■ Source records ■
Content starts

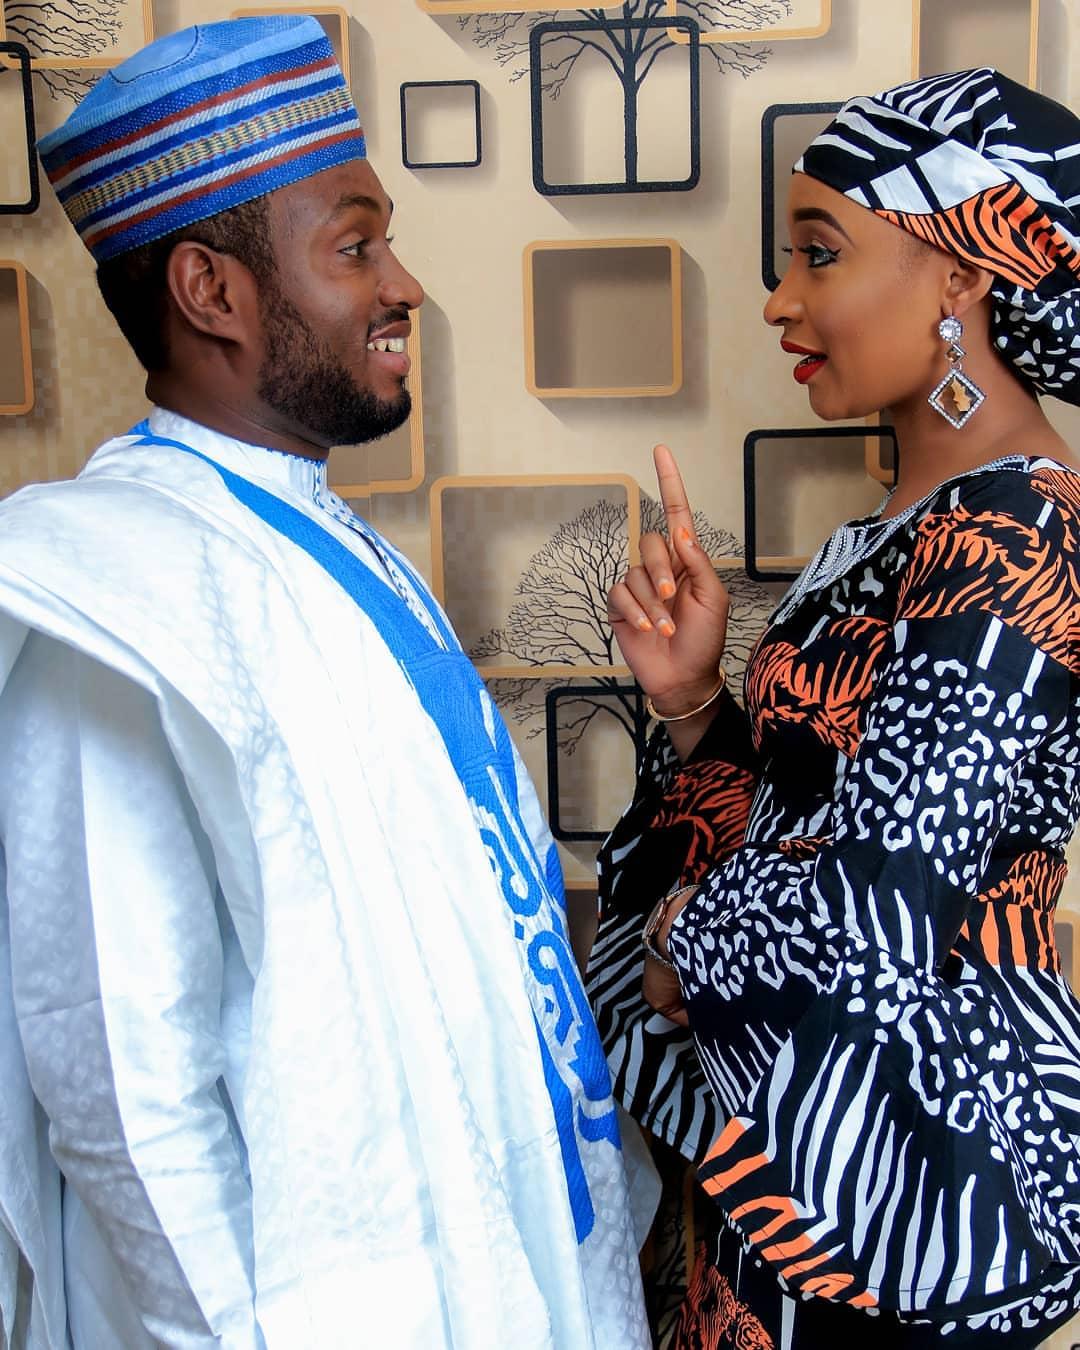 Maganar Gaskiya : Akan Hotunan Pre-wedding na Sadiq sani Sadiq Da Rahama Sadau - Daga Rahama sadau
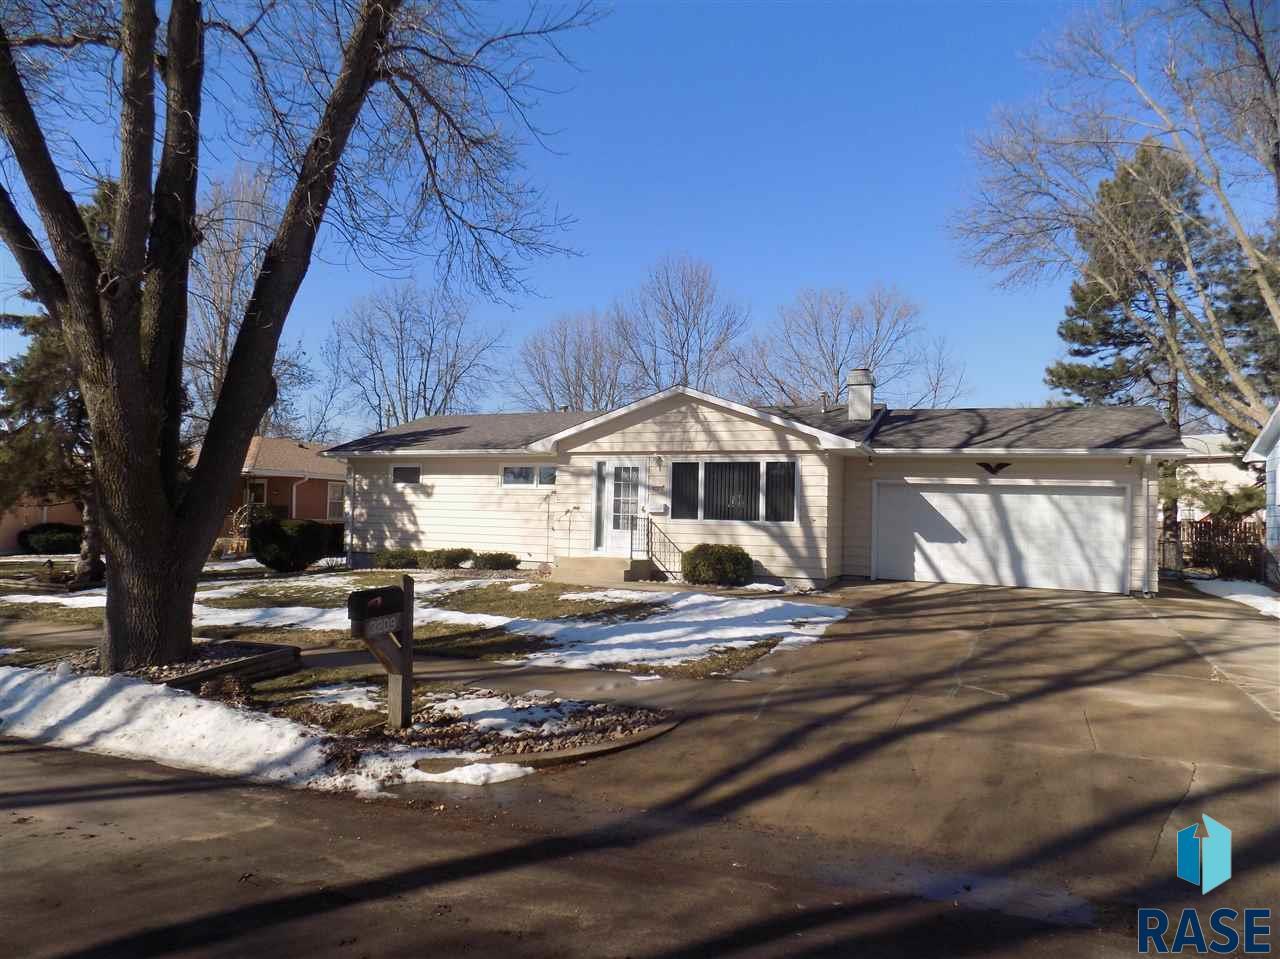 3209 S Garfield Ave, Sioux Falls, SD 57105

Content ends
Content starts

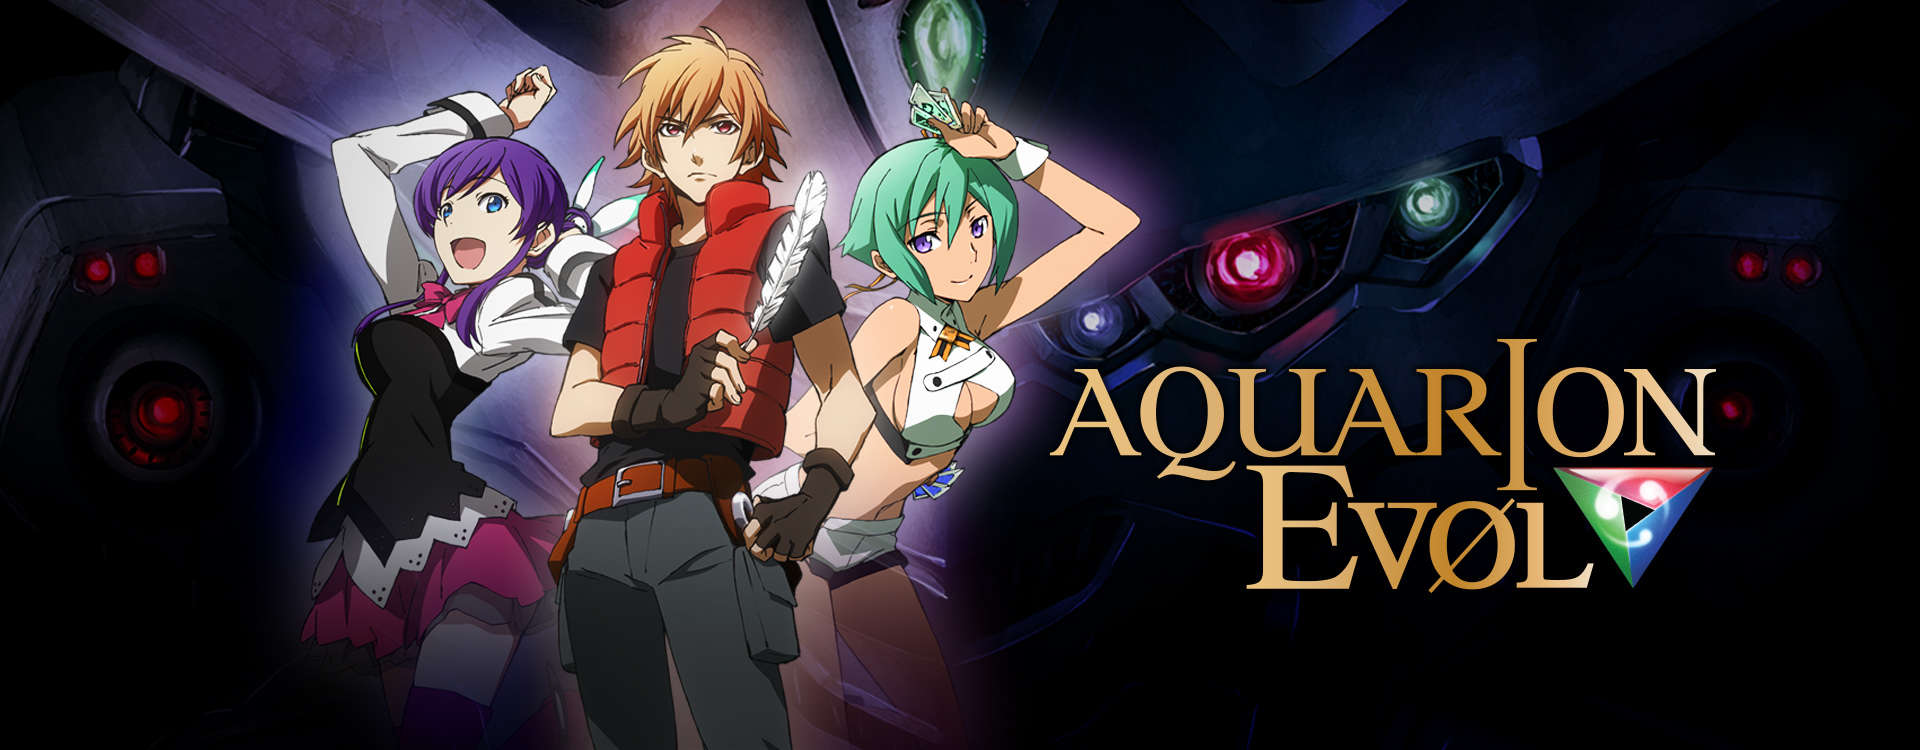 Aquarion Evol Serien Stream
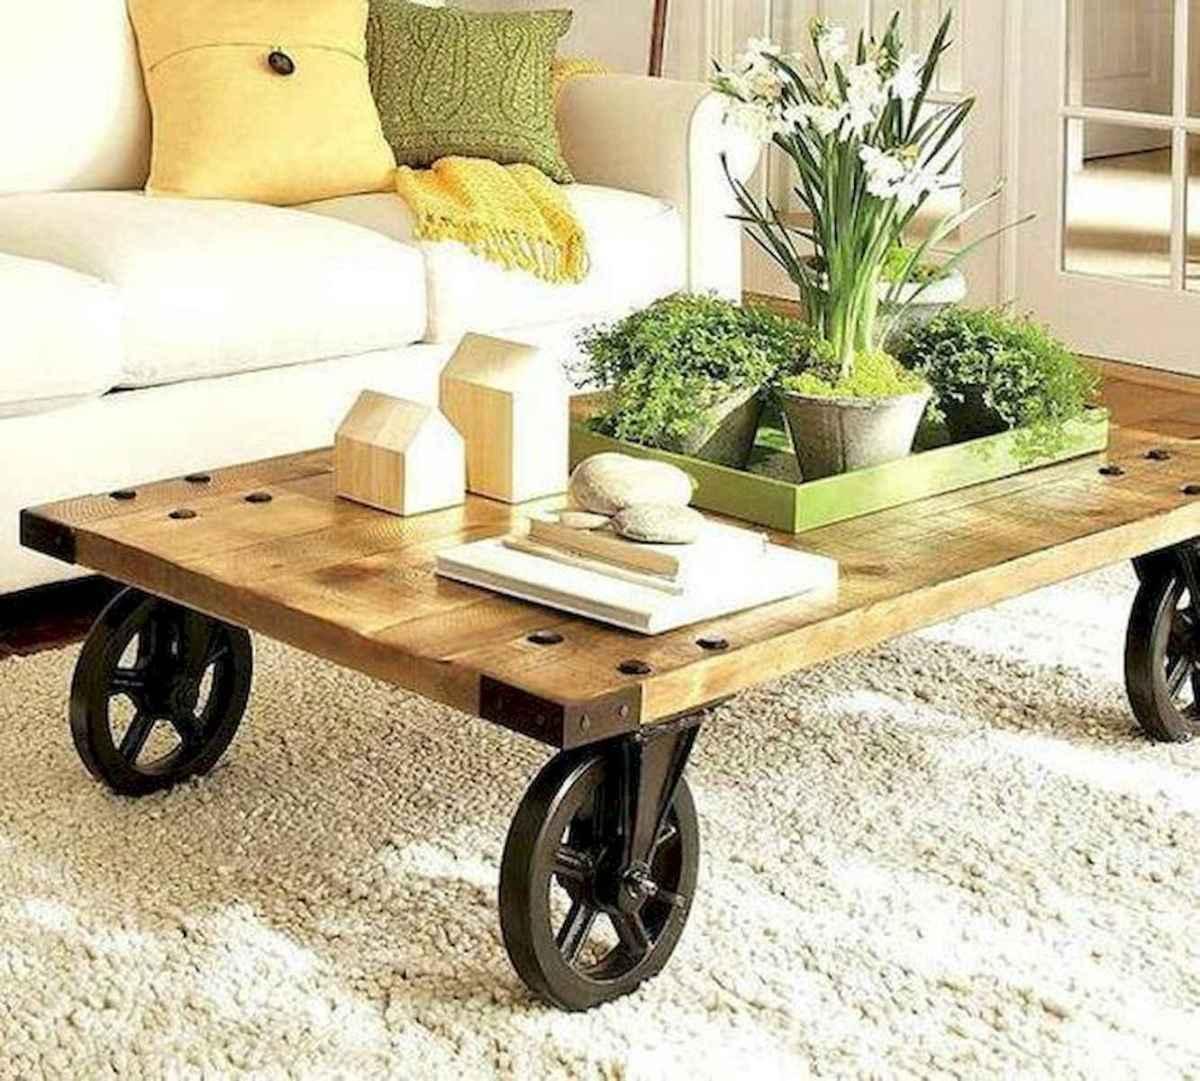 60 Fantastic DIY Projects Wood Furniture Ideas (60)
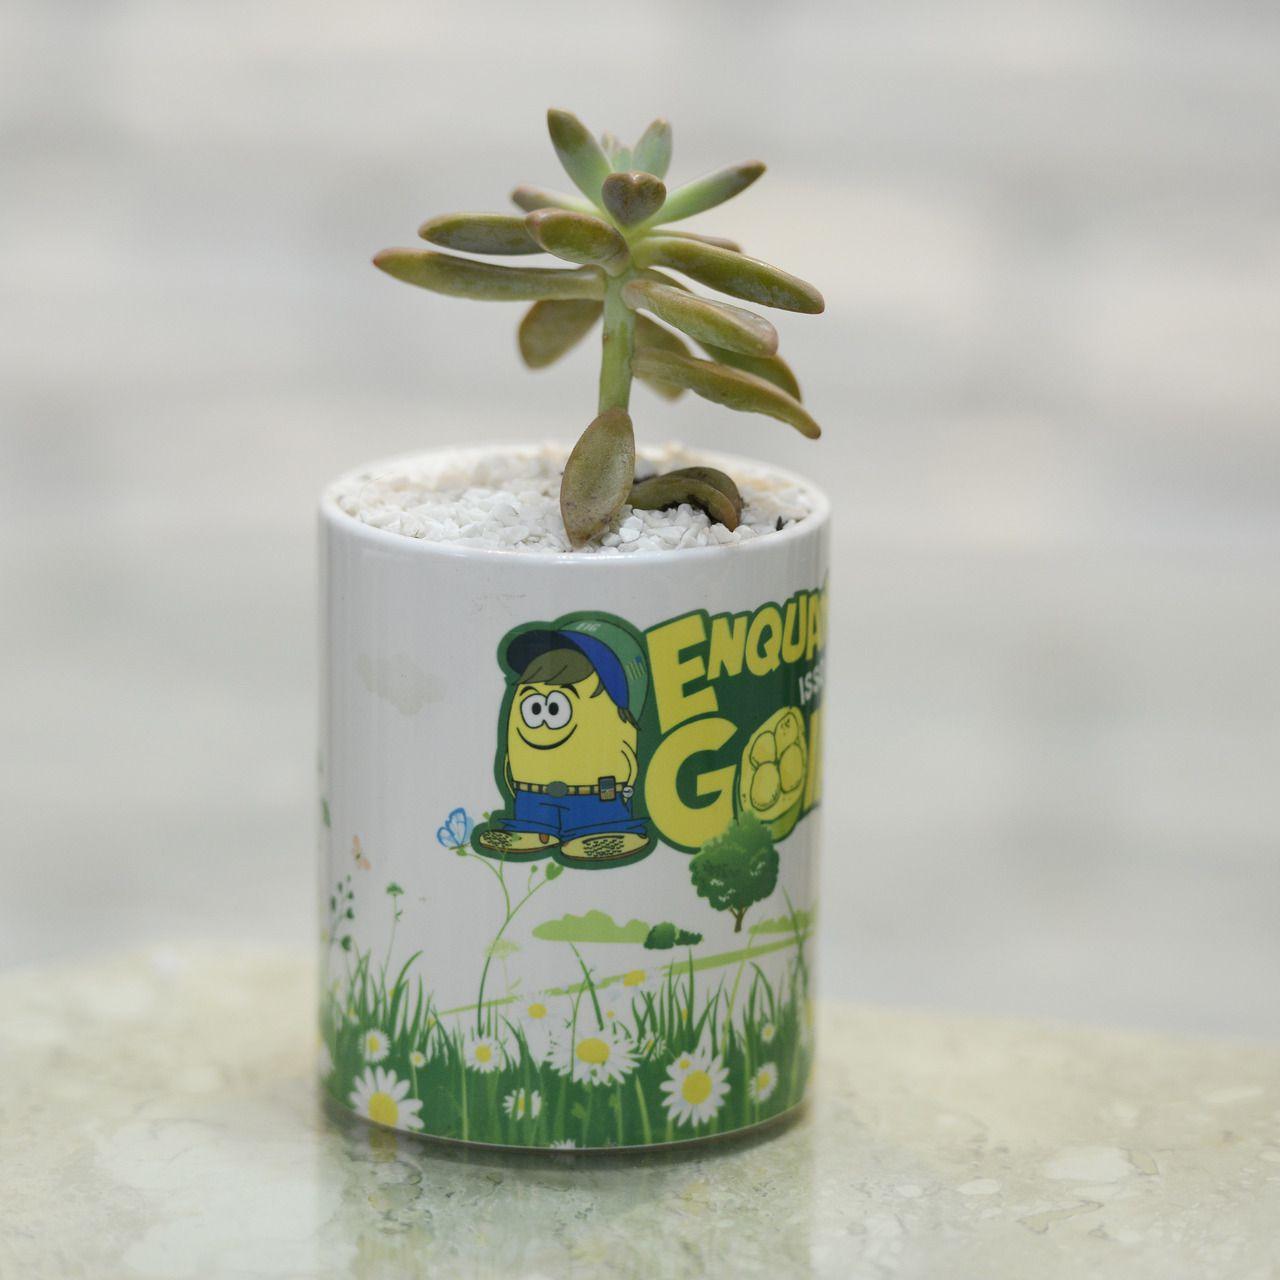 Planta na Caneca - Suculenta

Content ends

■ Exercise description ■
Make an exact copy of the lines above, beginning with the line with "Maganar Gaskiya : Akan" and ending with the line with "3209 S Garfield Ave, Sioux Falls, SD 57105", and keep the pictures out of it.

■ The completed task ■
 Maganar Gaskiya : Akan Hotunan Pre-wedding na Sadiq sani Sadiq Da Rahama Sadau - Daga Rahama sadau
 3209 S Garfield Ave, Sioux Falls, SD 57105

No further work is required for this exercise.